Wali Kota Pekanbaru, Agung Nugroho, turun langsung meninjau jembatan yang amblas di Jalan Nelayan, Kelurahan Sri Meranti, Kecamatan Rumbai dua pekan lalu. Peninjauan dilakukan guna memastikan penanganan darurat segera dilakukan agar akses masyarakat tidak terputus terlalu lama. Jembatan yang amblas tersebut merupakan satu-satunya akses penghubung bagi masyarakat di Jalan Nelayan.

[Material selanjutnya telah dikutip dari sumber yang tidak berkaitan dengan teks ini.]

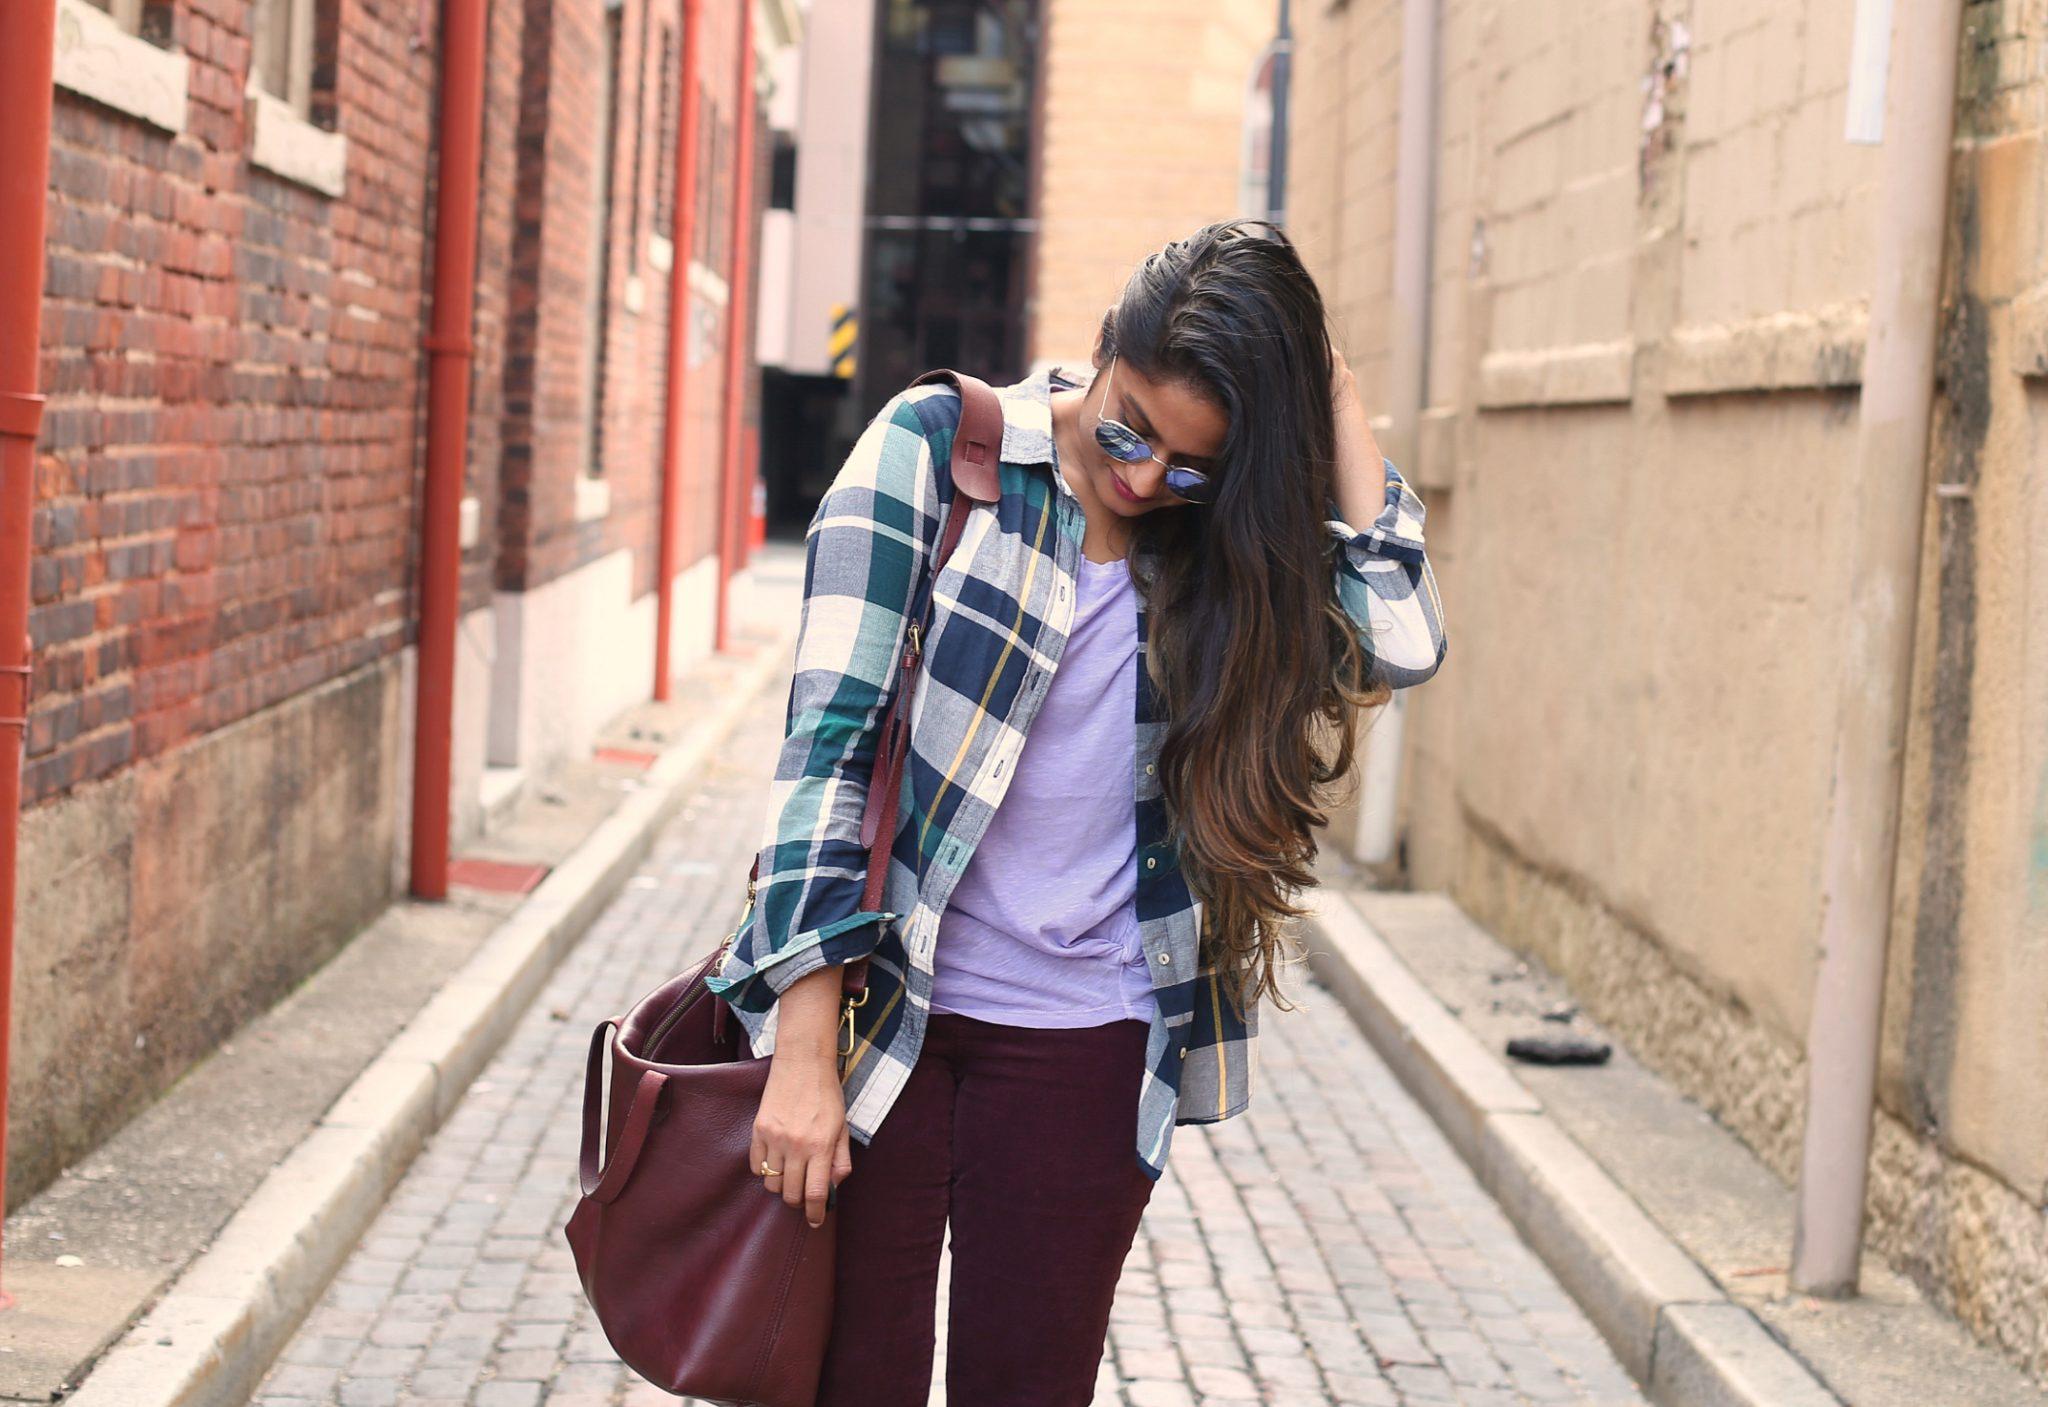 hm-flannel-shirt-green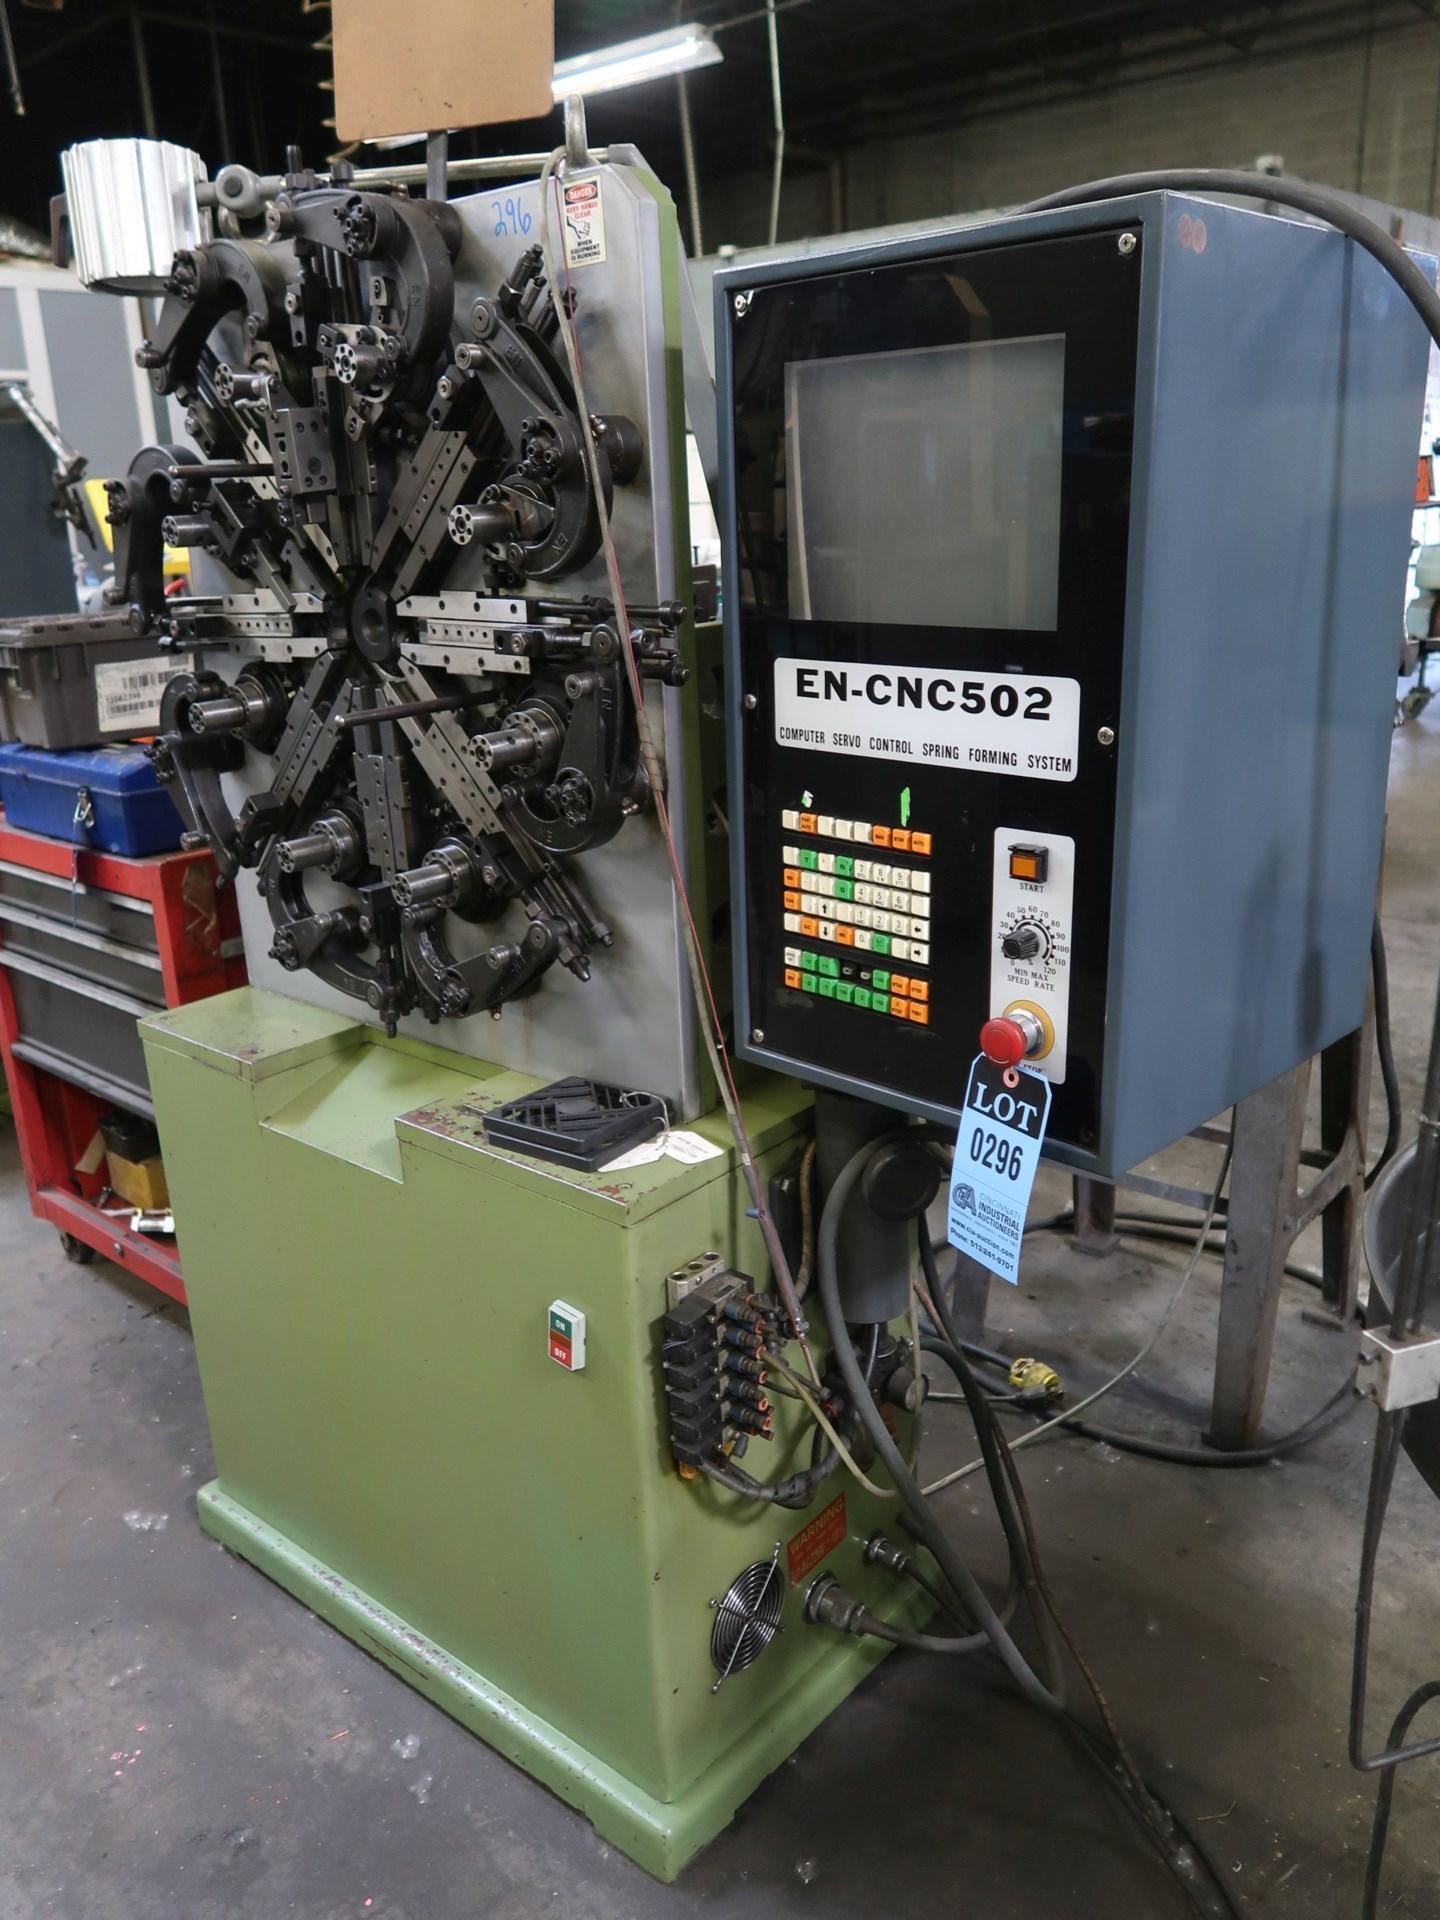 EN-CNC-502 ELECTRICALCNC SPRING FORMING MACHINE: STOCK #10773

“Kerusakan tersebut menyebabkan akses jalan terputus sehingga kendaraan tidak dapat melintas,” kata Wali Kota Agung pada Jumat (3/7/2026). Pembangunan jembatan ini dilakukan oleh pemerintah pusat sejak tahun 1995 dan memiliki usia lebih dari 30 tahun. Kondisi tersebut menyebabkan erosi pada tanah penyangga yang akhirnya membuat bagian bawah jembatan ambruk.

Untuk mengatasi masalah tersebut, Pemko Pekanbaru bersama BWSS III sepakat membangun jembatan darurat terlebih dahulu agar akses masyarakat tetap terjaga. Jembatan darurat sudah dikirim dan diharapkan segera dipasang agar masyarakat dapat kembali melintas, meskipun hanya bisa dilalui satu kendaraan secara bergantian.

Selain penanganan darurat, Pemko Pekanbaru juga berencana berkoordinasi dengan Kementerian Pekerjaan Umum untuk mempercepat pembangunan jembatan permanen. Ruas jalan tersebut merupakan akses vital bagi warga di Jalan Nelayan yang berpenduduk cukup padat.

“Kami akan menyampaikan langsung kepada Kementerian Pekerjaan Umum agar pembangunan jembatan permanen segera direalisasikan,” ucap Agung. Pembangunan kembali jembatan permanen membutuhkan waktu yang cukup panjang, namun langkah darurat ini diharapkan dapat memenuhi kebutuhan akses masyarakat sementara waktu.